# Your instructions
Could you write out, exactly as they stand, only the lines in the listing below from the line with "Bix Beiderbecke Riverboat" to the line with "All Color: Cognac", both ends included, without the pictures?
(Beginning of Data provided)
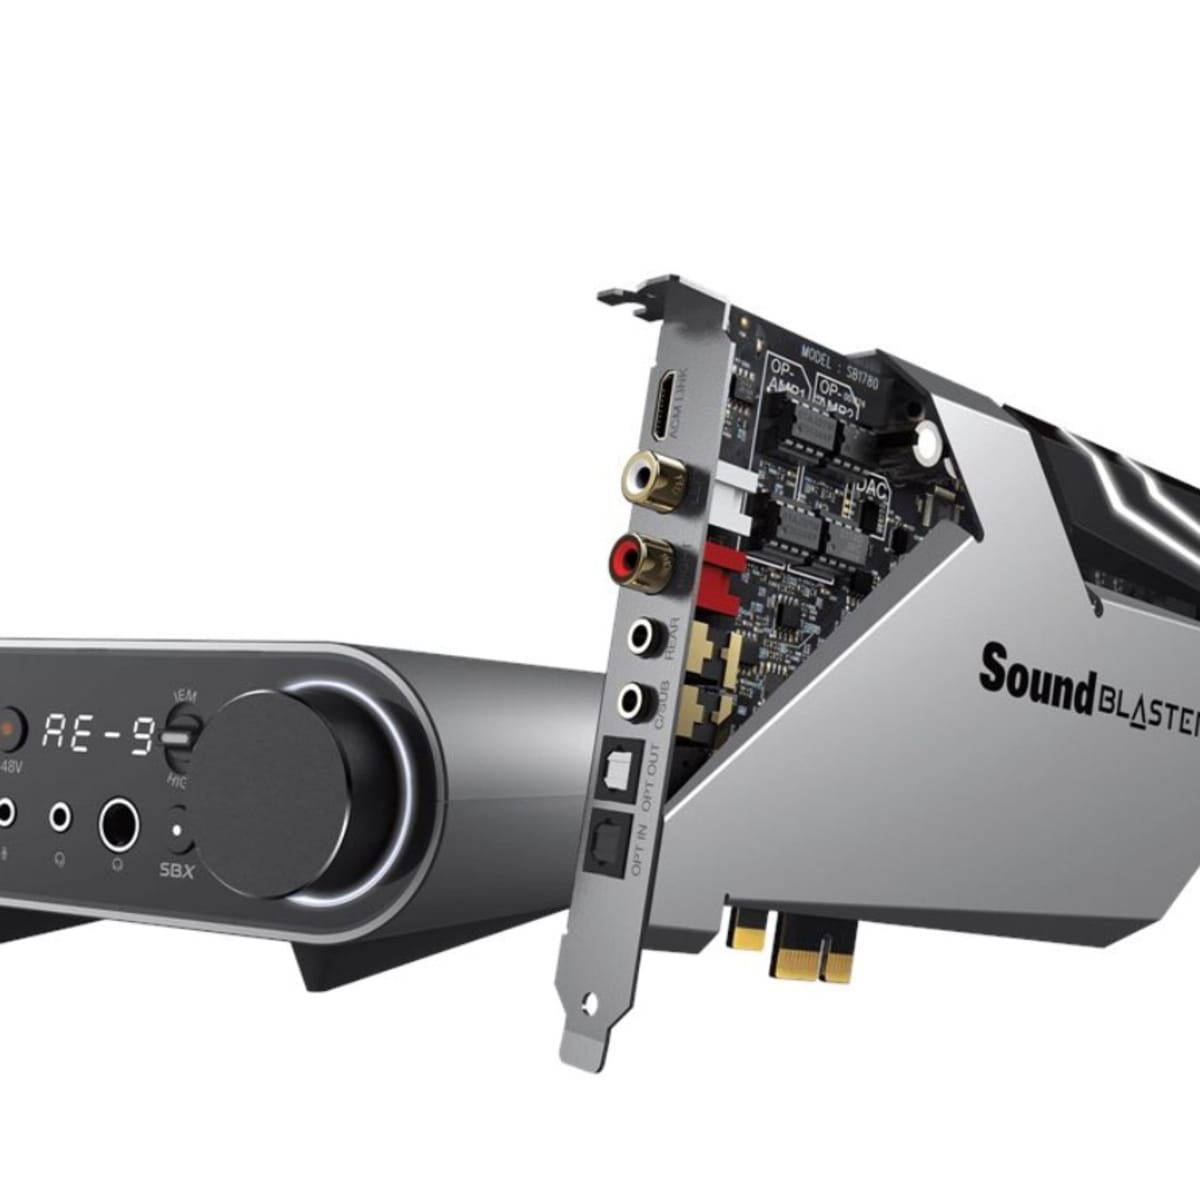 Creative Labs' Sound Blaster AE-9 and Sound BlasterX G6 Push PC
(End of Data provided)
(Beginning of Data provided)
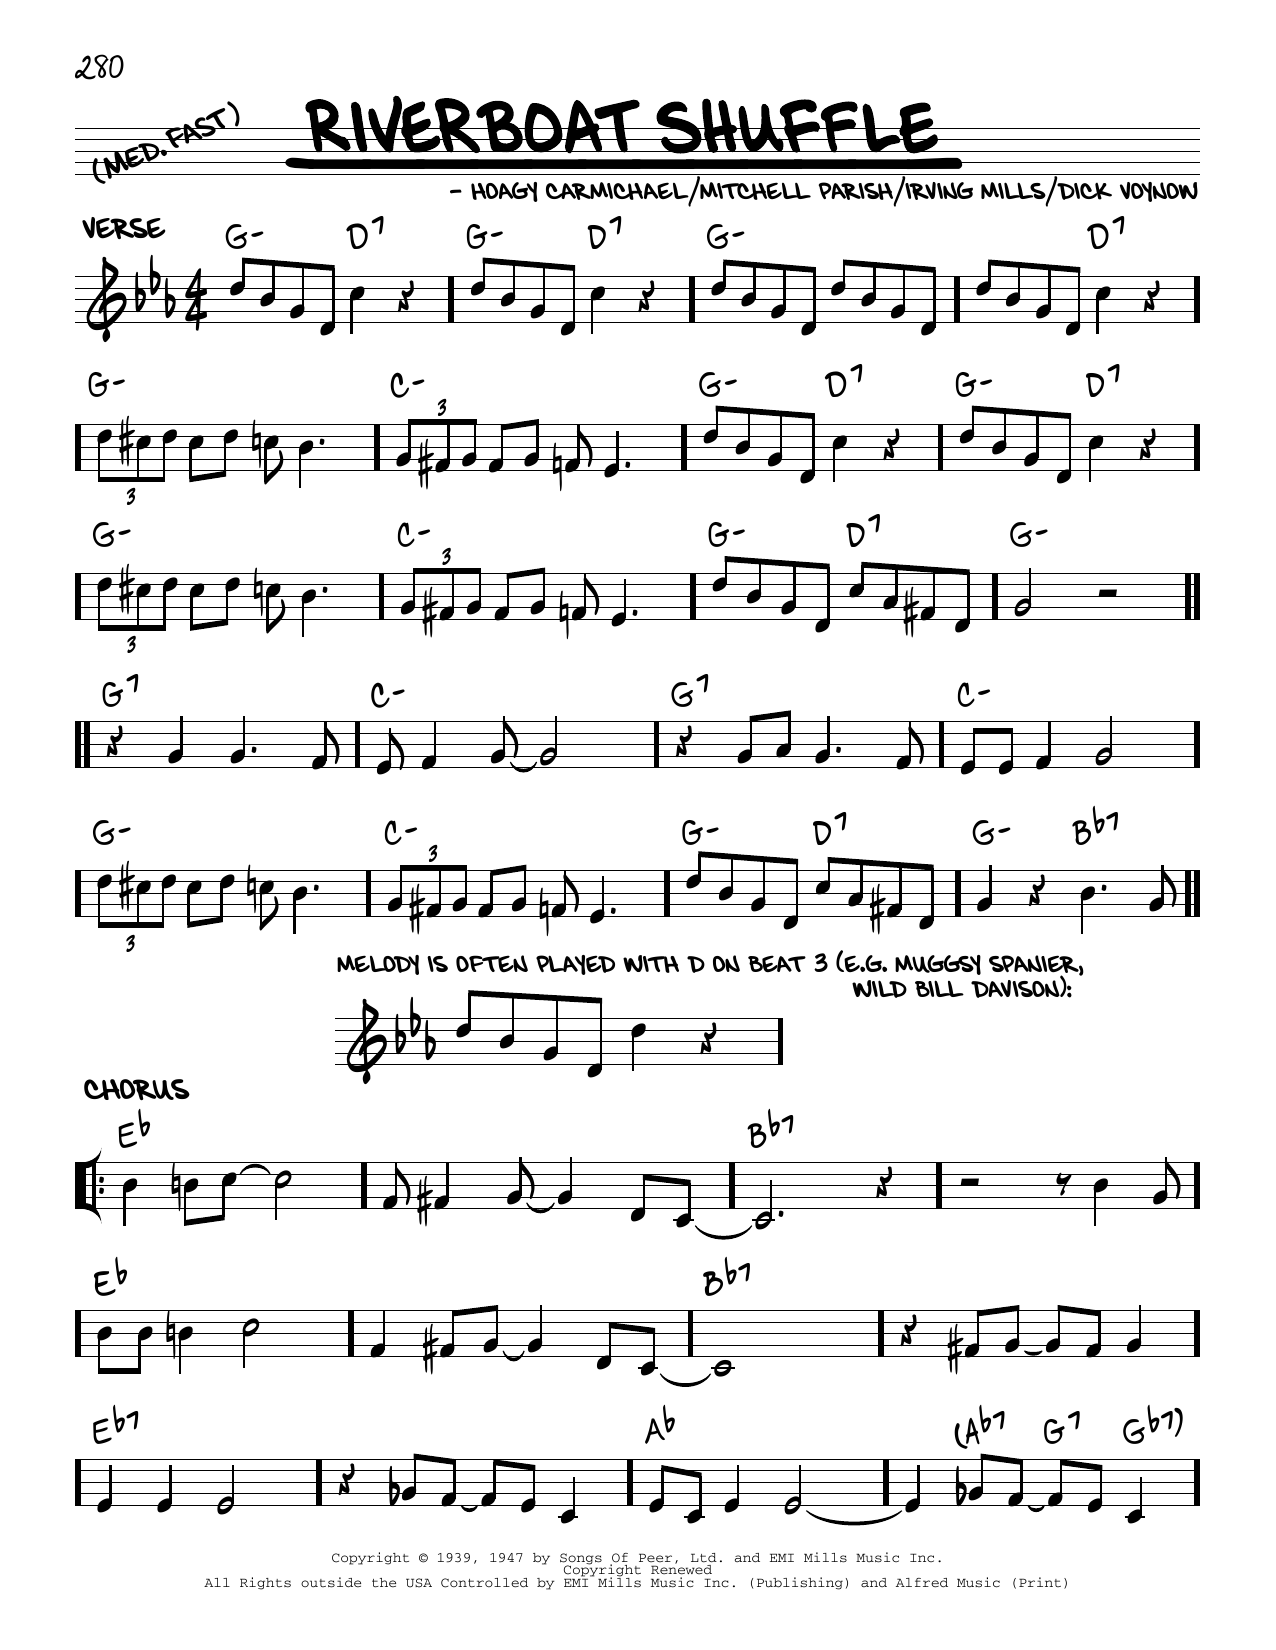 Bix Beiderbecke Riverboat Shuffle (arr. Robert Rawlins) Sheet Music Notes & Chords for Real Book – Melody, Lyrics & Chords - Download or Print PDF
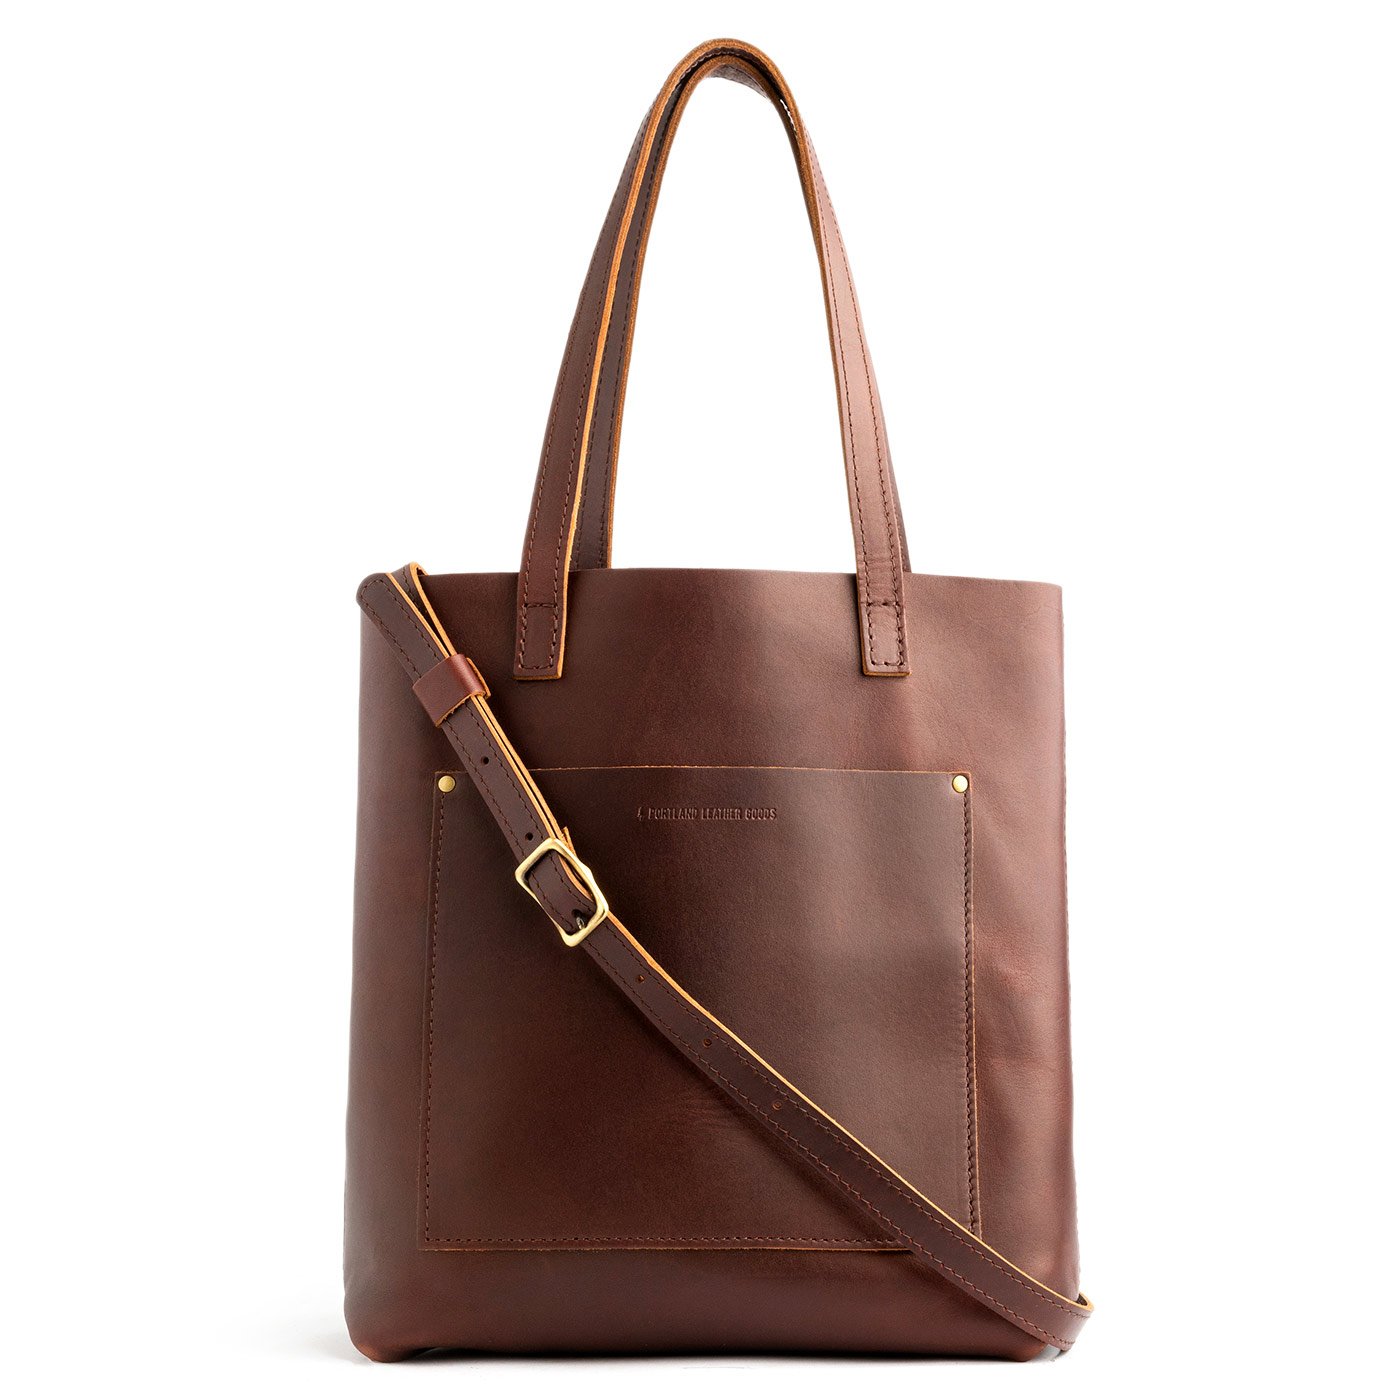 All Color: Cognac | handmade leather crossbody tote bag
(End of Data provided)
# Answer to this problem
 Bix Beiderbecke Riverboat Shuffle (arr. Robert Rawlins) Sheet Music Notes & Chords for Real Book – Melody, Lyrics & Chords - Download or Print PDF
 All Color: Cognac | handmade leather crossbody tote bag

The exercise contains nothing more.